Transformasi ini juga diharapkan dapat mendorong berkembangnya agen-agen travel umroh lokal, sekaligus memperkuat ekosistem industri perjalanan religi di daerah. Dengan meningkatnya potensi pasar dari wilayah lingkar Wilis, kolaborasi antar pelaku industri menjadi semakin penting untuk memastikan kualitas layanan yang optimal bagi jamaah.

Seiring dengan berkembangnya potensi tersebut, sejumlah pelaku industri mulai melihat peluang untuk menghadirkan layanan yang lebih dekat dan relevan dengan kebutuhan masyarakat. Beberapa travel agent mulai melirik peluang ekspansi menggiurkan ini, mengingat pesaing yang belum terlalu banyak.

Peluang ini turut dimanfaatkan oleh berbagai pihak, termasuk PT Capital Abadi Jaya, yang mulai mengembangkan inisiatif kolaborasi dengan travel agent di wilayah Jawa Timur. Potensi pertumbuhan dari wilayah lingkar Wilis ini bagi mereka adalah solusi umroh yang lebih dekat, efisien, dan relevan dengan kebutuhan masyarakat daerah yang selama ini bergantung pada keberangkatan dari kota besar.

“Kami melihat adanya perubahan kebutuhan jamaah—mereka menginginkan perjalanan yang tidak hanya terjangkau, tetapi juga dimulai dari titik yang lebih dekat dengan domisili mereka,” ujar staff manager dari PT Capital Abadi Jaya.

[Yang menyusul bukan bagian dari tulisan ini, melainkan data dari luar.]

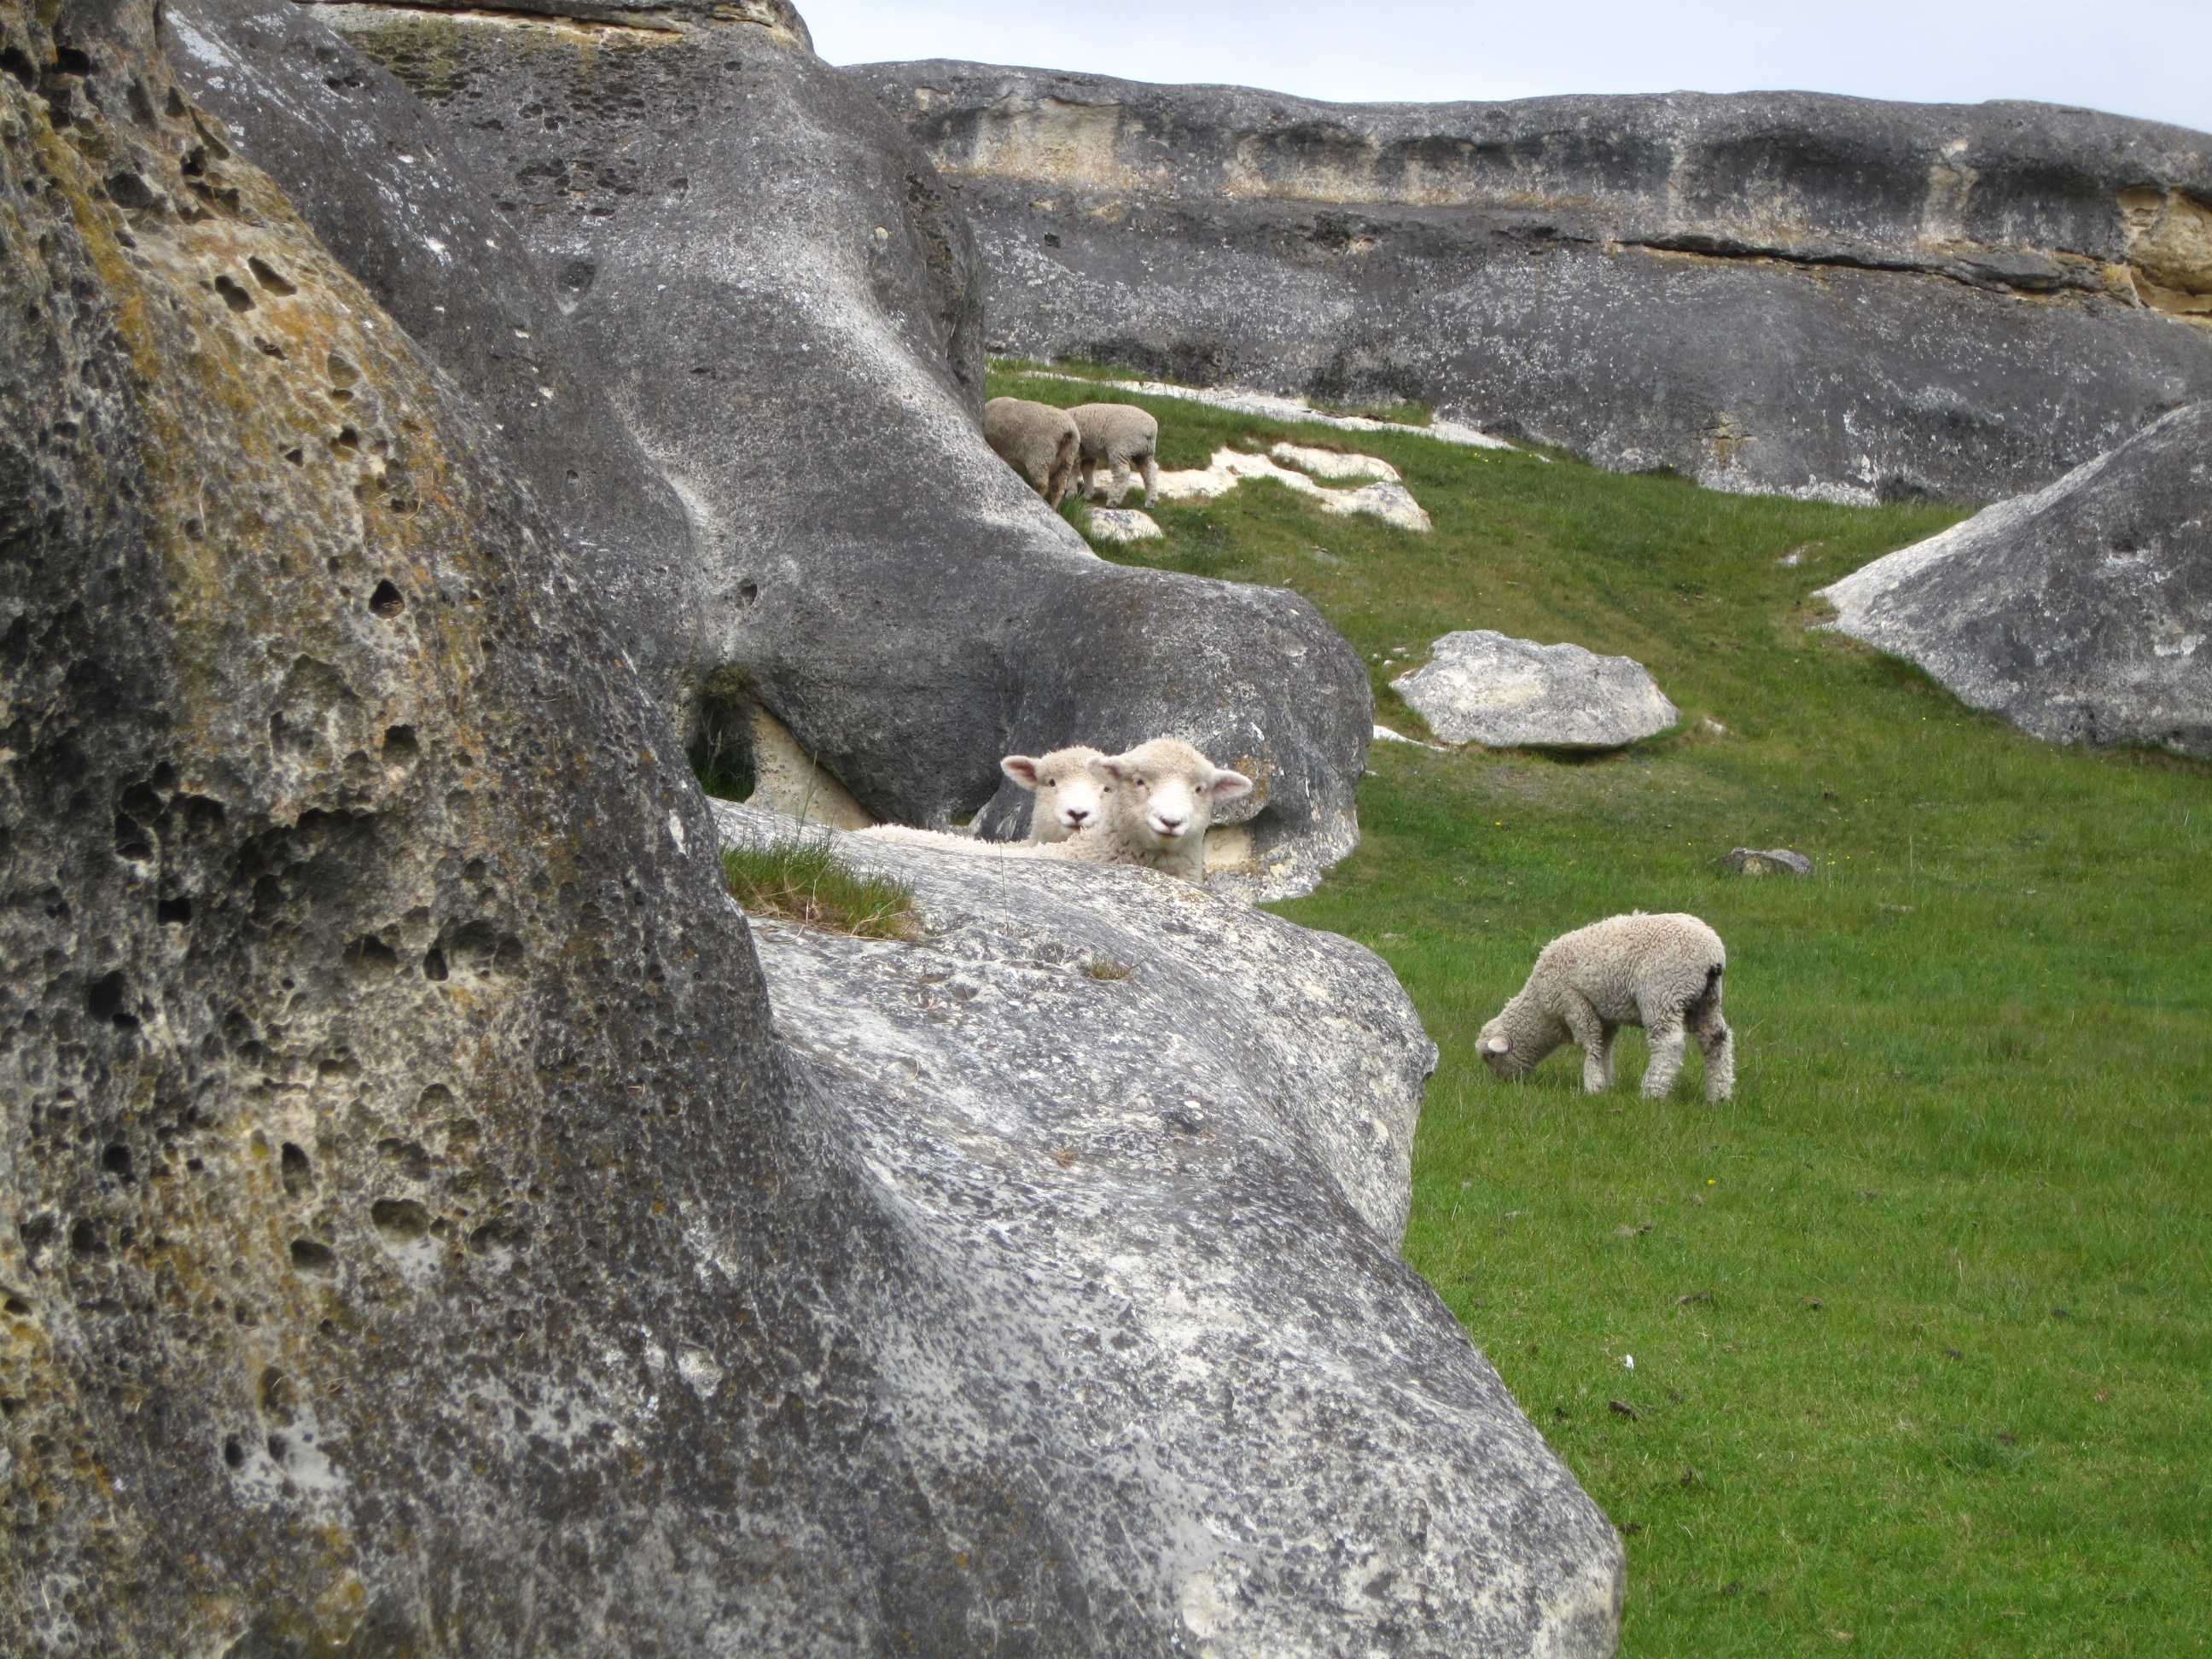 Lambs at Elephant Rocks

Keberlangsungan pintu gerbang umroh dari Kediri ini diproyeksikan tidak berhenti pada layanan umroh saja. Poppy juga menjelaskan perencanaan jangka panjang juga akan meliputi titik awal keberangkatan haji. “Kami juga berharap Bandara Dhoho dapat terpilih sebagai salah satu embarkasi keberangkatan haji, sehingga dapat memberikan kemudahan yang lebih luas bagi jamaah haji, khususnya dari wilayah selatan Jawa Timur. Dengan demikian, tidak hanya meningkatkan kenyamanan jamaah, tetapi juga memperkuat peran Bandara Dhoho sebagai pintu gerbang baru mobilitas ibadah dan pertumbuhan ekonomi kawasan,” tutup Poppy.